20 thoughts on “Under pressure, I read Pratchett. What’s your refuge reading?

  1. My refuge read has always been Robin McKinley’s ‘The Hero and The Crown’. As a teenager, it made me properly fall in love with reading and I’ve never looked back.

  2. Depends on why I need the refuge – could be Pratchett, or it could be Josephine Tey – basically do I need humour or not.

      1. I have 3 absolute faves of Tey’s: Daughter of Time, The Singing Sands, and Brat Farrar…

        I forgot to say I also like to re-read Susan Cooper’s King of Shadows when I need a refuge.

          1. Do! I re-read it a couple of years ago when I did a re-read of all Tey’s novels in a post-3-months-in-charge-at-work refuge reading splurge…

      2. Heh. I love “Brat Farrar”, but I hate “The Franchise Affair” with a passion. It should have been a deeply clever book, wherein both the accuser and the accused turn out to be telling the truth; and instead it’s a work of rank snobbery, where the nice middle-class ladies say “this common girl who accuses us was undoubtedly off doing something she shouldn’t” – and lo, it is exactly so. Yuck, spit.

  3. Comfort reading, yes. For me it’s Pratchett, but I’ve read and re-read those books so often that I have to be in a really bad way to go back to them. Like, say, when the author died. Also, Lois McMaster Bujold’s Vorkosigan books, Charlie Stross’s Laundry Files, the Felix Castor books by Mike Carey, Roz Kaveney’s Rituals of Blood series, pretty much anything by Chris Brookmyre.

    In times past it would have included Iain Banks’s Culture novels, Bill Bryson’s gentle, funny travelogues and social histories, everything by Douglas Adams, but especially Last Chance to See (makes me cry now), Sunshine by Robin McKinley.

  4. It’s interesting to see how none of us are opting for writers who offer unrealistic, cosy consolation.

    All of the authors cited so far address the challenges of life head on, no ducking of difficulties in their work.

    Whatever escape we might be seeking, it’s assuredly not head-in-the-sand, lalala-not-listening reading, is it?
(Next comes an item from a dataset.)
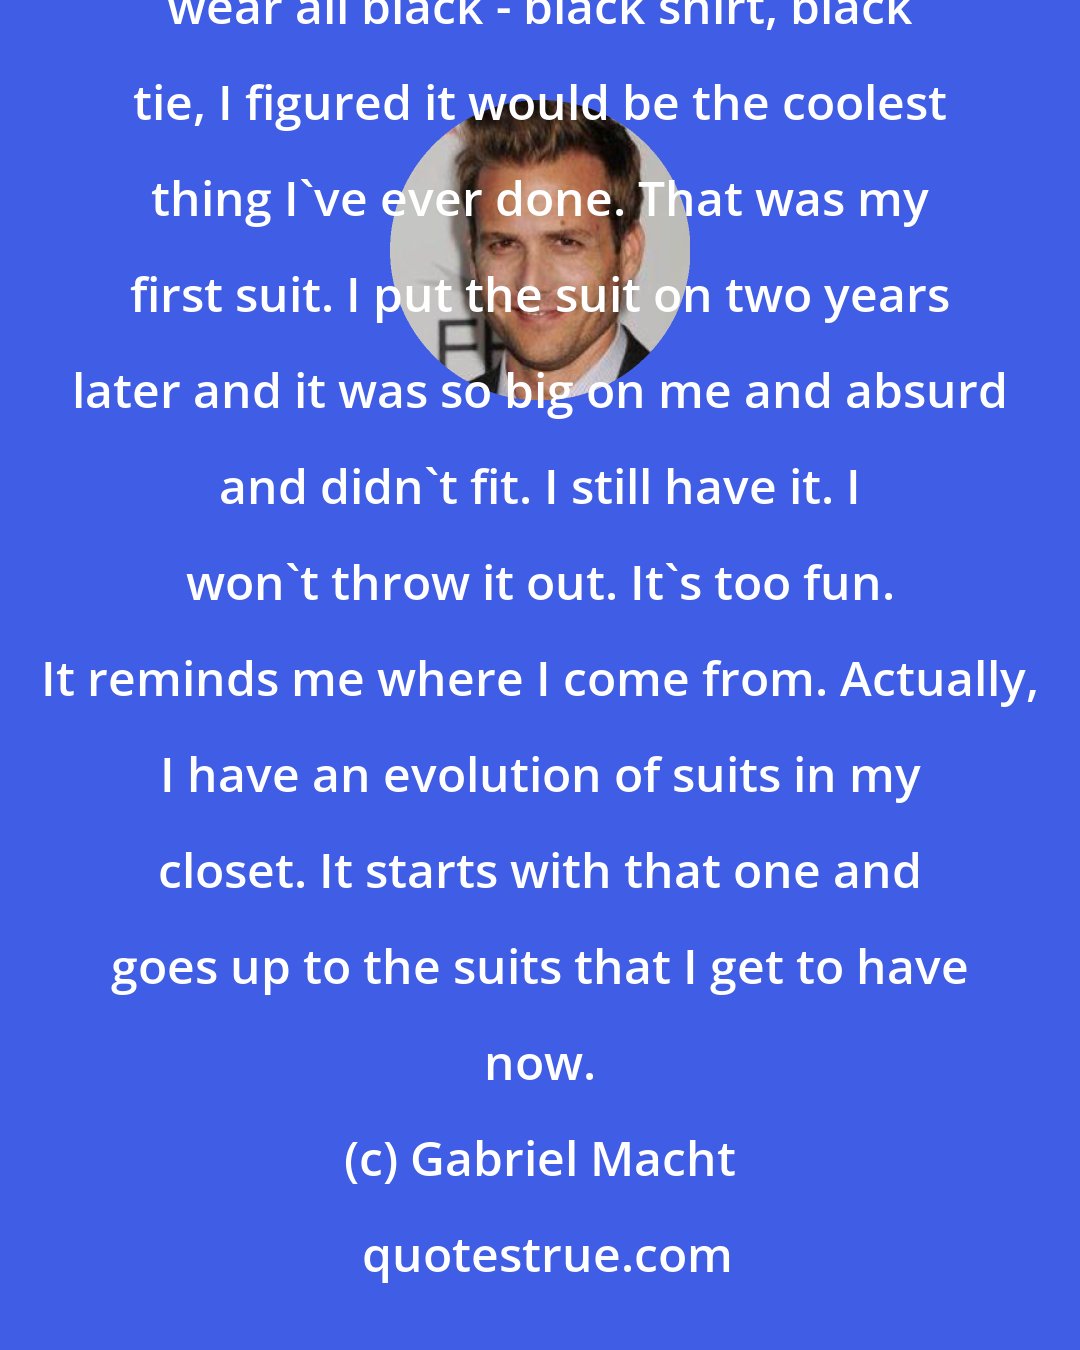 Gabriel Macht: For my prom, I was so fancy, I got t a suit tailored. I wanted a three-piece suit. I thought it would be cool to wear all black - black shirt, black tie, I figured it would be the coolest thing I've ever done. That was my first suit. I put the suit on two years later and it was so big on me and absurd and didn't fit. I still have it. I won't throw it out. It's too fun. It reminds me where I come from. Actually, I have an evolution of suits in my closet. It starts with that one and goes up to the suits that I get to have now.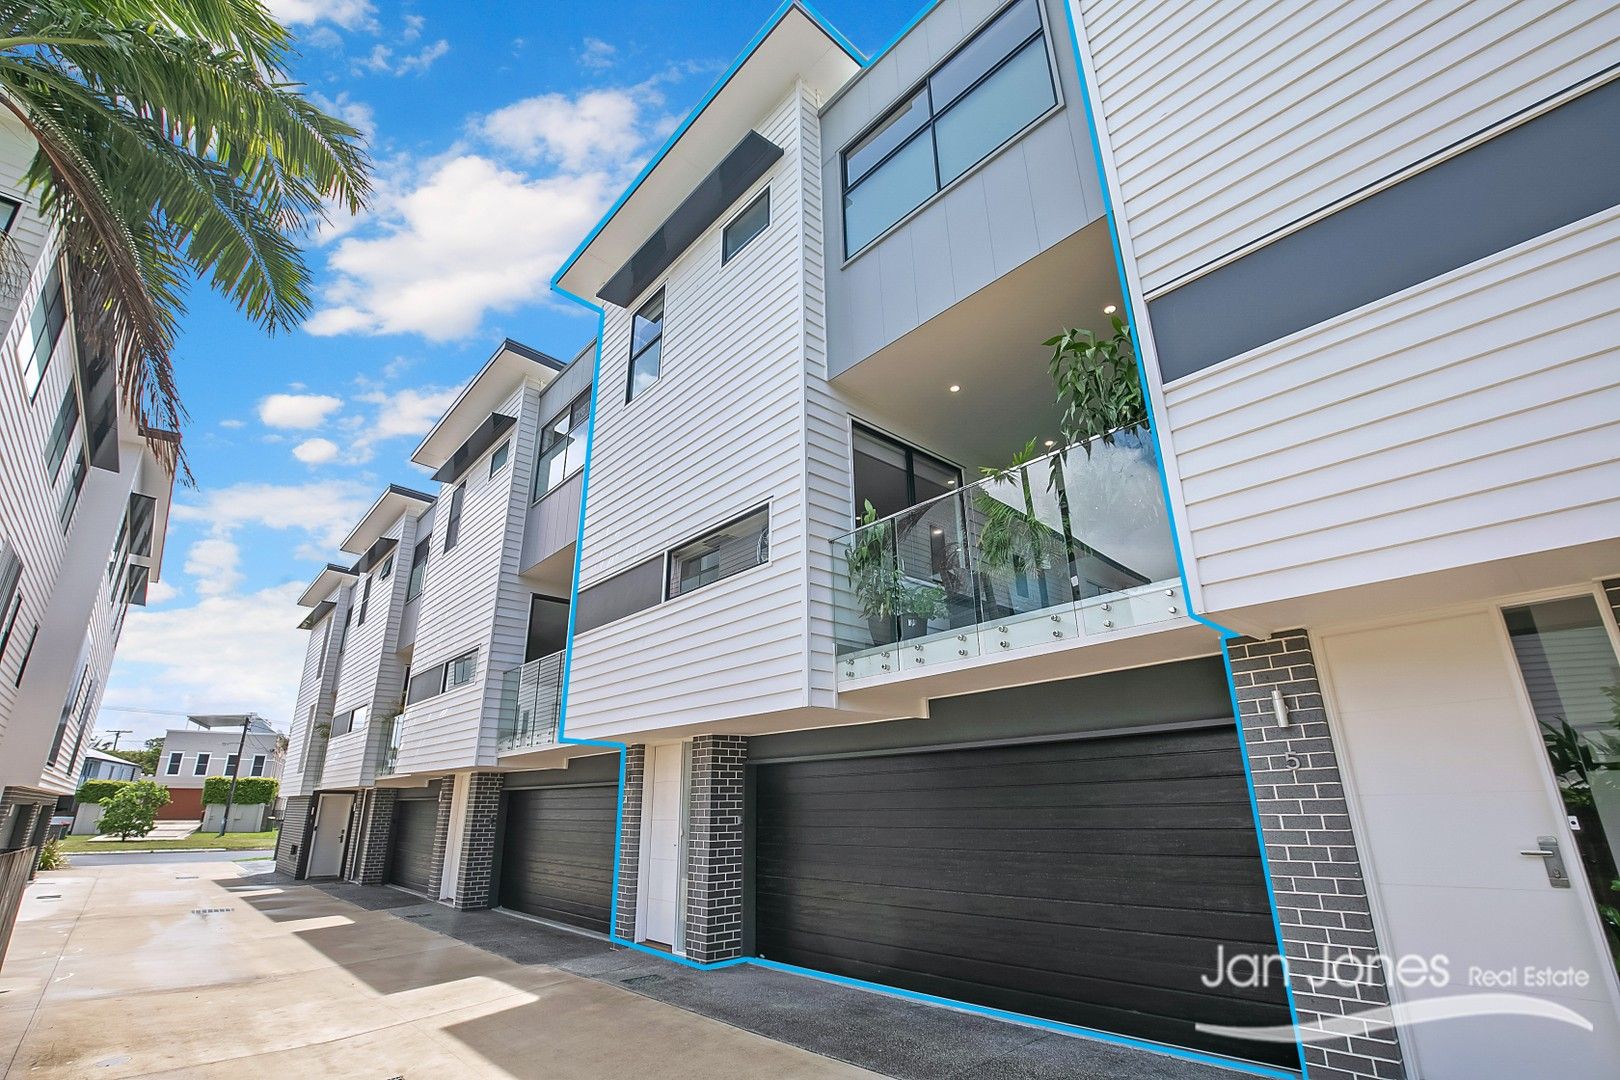 2 bedrooms Townhouse in 4/32 John Street REDCLIFFE QLD, 4020

  5. I almost never re-read fiction. A mixture of wanting to be surprised and knowing there are oodles of great writers whose work I’ll miss out on keeps me looking for new works. So I guess my comfort reading is anything I haven’t read before, with a strong preference for anything with dragons.

    My s.o. is like me in this respect, which is why he’s had The Shepherd’s Crown stuck on a shelf in its packaging still untouched for months and months now. It will be the last time he cracks the spine on a new Terry Pratchett book, so he’s saving it for when he really needs it.

  6. Pratchett for me too. He’s helped me through many a dark spot. Currently re-reading Good Omens (Pratchett/Neil Gaiman). Might be the end of the world, but at least I can have fun reading about it!

  7. “Whatever escape we might be seeking, it’s assuredly not head-in-the-sand, lalala-not-listening reading, is it?”

    I don’t do much head-in-the-sand reading. I’m 100 pages into one, and I doubt I’ll finish it. I used to visit Elizabeth Moon’s Paksenarrion series because I wanted to understand how she handled guilt. Later it was Patricia Wrede’s _A Matter of Magic_ stories because I needed the comfort of a love story. Then Jennifer Roberson’s Tiger & Del series as I worked through one of the many layers of sexism. Next I tumbled into Diana Gabaldon’s Outlander series, again looking for the comfort of a romance, this time salted with the little challenges that help people grow together. And now I’ve moved on to Wen Spencer’s Tinker series because I love how Tinker is overwhelmed but appreciates the community that she suddenly finds herself in. I also love her mad-cap sense of humor.

  8. Anne McCaffrey tends to be my comfort read. Either Dragonsinger, the tale of Menolly overcoming sexism to become the first female Harper, or Treaty at Doona. I love the descriptions of the humans and Hrrubans getting along just fine co-habitant on Doona/Rala.

  9. Belatedly adding my tuppence worth…

    1. Robert Parker’s Spenser novels.
    2. Robert Crais’s Elvis Cole/Joe Pike novels (snap!)
    3. John Sandford’s Lucas Davenport novels.
    4. Dick Francis. (I’m surprising myself here.)

    But the one time I needed a book to get me through a long, dark, soul-harrowing night, it was Anne McCaffrey’s Ship Who Sang. Bless her.